The present study evaluates and investigates the fatigue design and fatigue life as the crack propagation occurs around the fastener of the mainframe of the central fuselage (CTR) of a rotary-wing aircraft designed based on the conventional safe-life method. For this work, the static and dynamic strain data were acquired according to flight conditions and fastening conditions between the mainframe and rail fitting (bracket). Furthermore, the fatigue life of the mainframe of rotary-wing aircraft was overestimated because of the conventional stress equation, for generating the stress spectrum according to the maneuvering conditions. To improve the existing stress equation, the modified stress equation was proposed by taking into account all force components transferred from the operating rotor system. Based on this equation, by employing the modified Goodman equation and Miner’s rule, the fatigue life of the mainframe of the CTR fuselage is calculated by the S–N diagram. Thereafter, the predicted fatigue life by considering simultaneously the damage of low-cycle fatigue and high-cycle fatigue according to the various flight conditions were compared with the actual life of crack occurrence. As a result, it showed that the predicted fatigue life (655 FHrs) was in a good agreement with the actual life (656.7 FHrs) of crack occurrence using the modified stress equation, respectively.
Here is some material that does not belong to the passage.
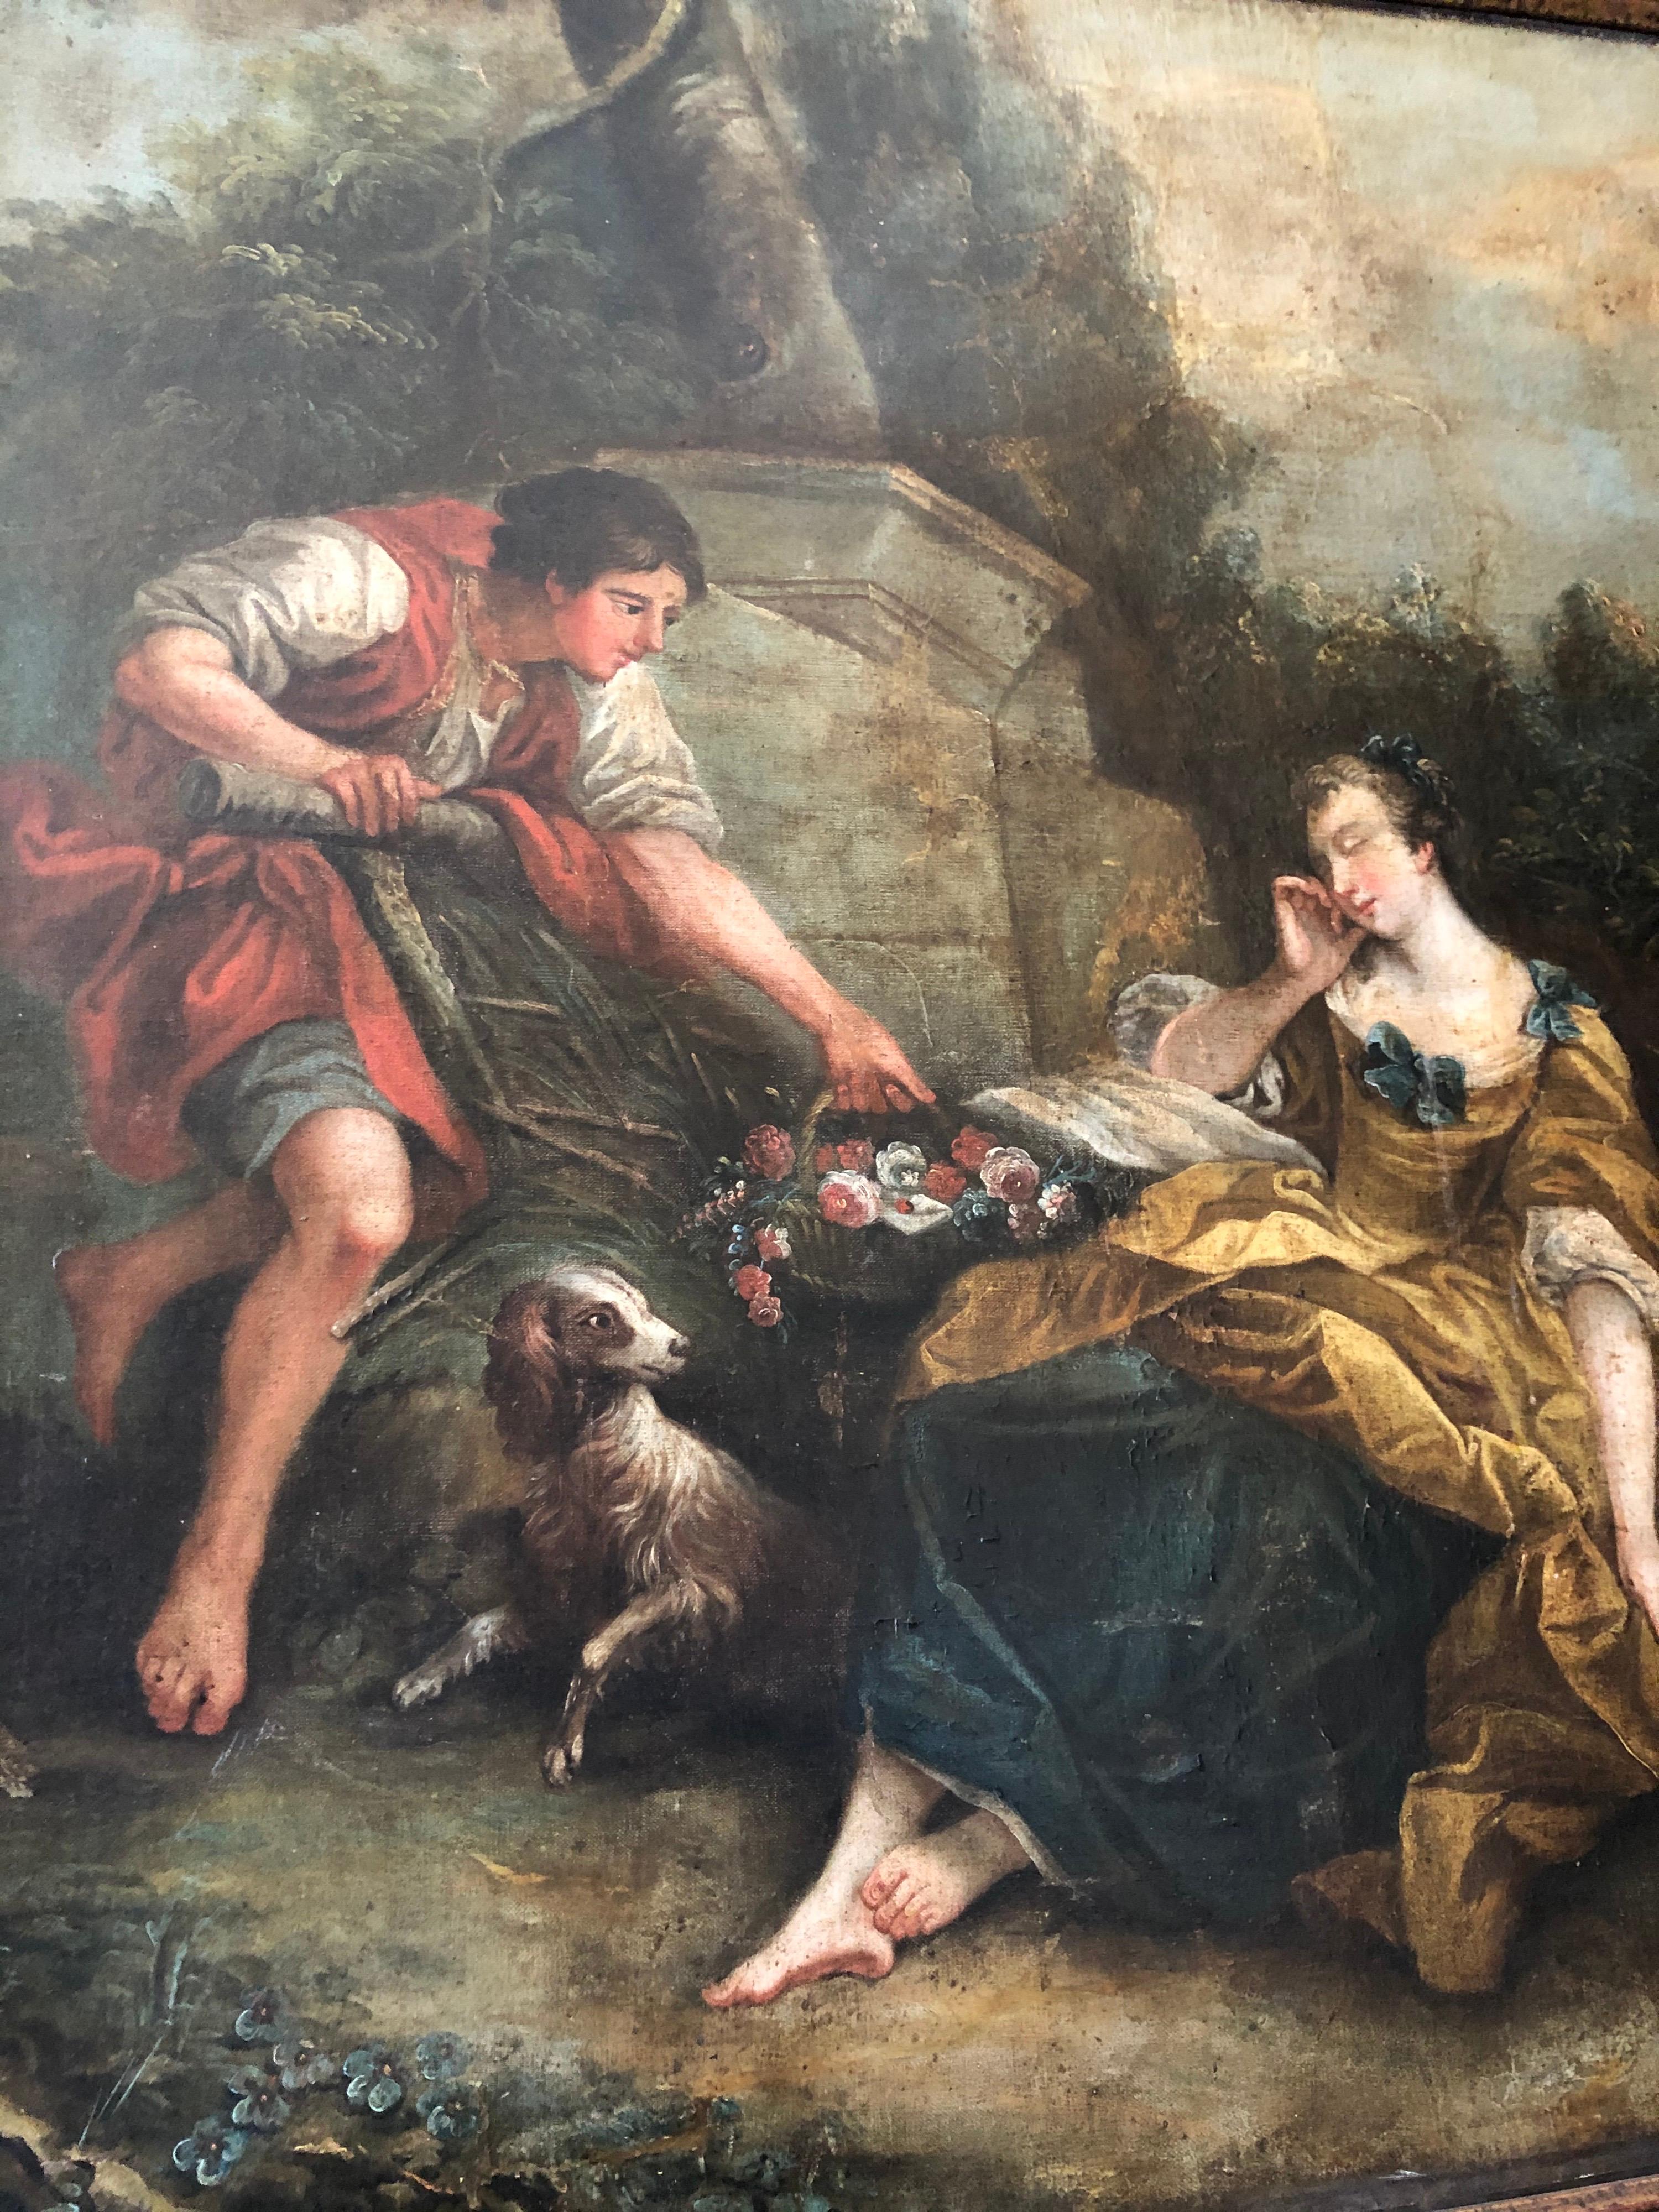 This oil painting in the style of Francois Boucher origins from France, circa 1860.

本研究评估和研究了疲劳设计和疲劳寿命，因为裂纹扩展发生在基于传统安全寿命方法设计的旋翼飞机中央机身 (CTR) 主机架的紧固件周围。对于这项工作，根据飞行条件和主机与导轨配件（支架）之间的紧固条件获取静态和动态应变数据。此外，由于传统的应力方程，旋转翼飞机主机架的疲劳寿命被高估，以根据机动条件生成应力谱。为了改进现有的应力方程，通过考虑从运行的转子系统传递的所有力分量，提出了修正的应力方程。基于这个方程，采用修正的古德曼方程和米纳法则，通过S-N图计算出CTR机身主机架的疲劳寿命。此后，根据各种飞行条件同时考虑低周疲劳和高周疲劳的损伤，预测的疲劳寿命与裂纹发生的实际寿命进行了比较。结果表明，分别使用修正的应力方程预测的疲劳寿命（655 FHrs）与裂纹发生的实际寿命（656.7 FHrs）非常吻合。根据不同飞行条件同时考虑低周疲劳和高周疲劳的损伤，预测的疲劳寿命与裂纹发生的实际寿命进行了比较。结果表明，分别使用修正的应力方程预测的疲劳寿命（655 FHrs）与裂纹发生的实际寿命（656.7 FHrs）非常吻合。根据不同飞行条件同时考虑低周疲劳和高周疲劳的损伤，预测的疲劳寿命与裂纹发生的实际寿命进行了比较。结果表明，分别使用修正的应力方程预测的疲劳寿命（655 FHrs）与裂纹发生的实际寿命（656.7 FHrs）非常吻合。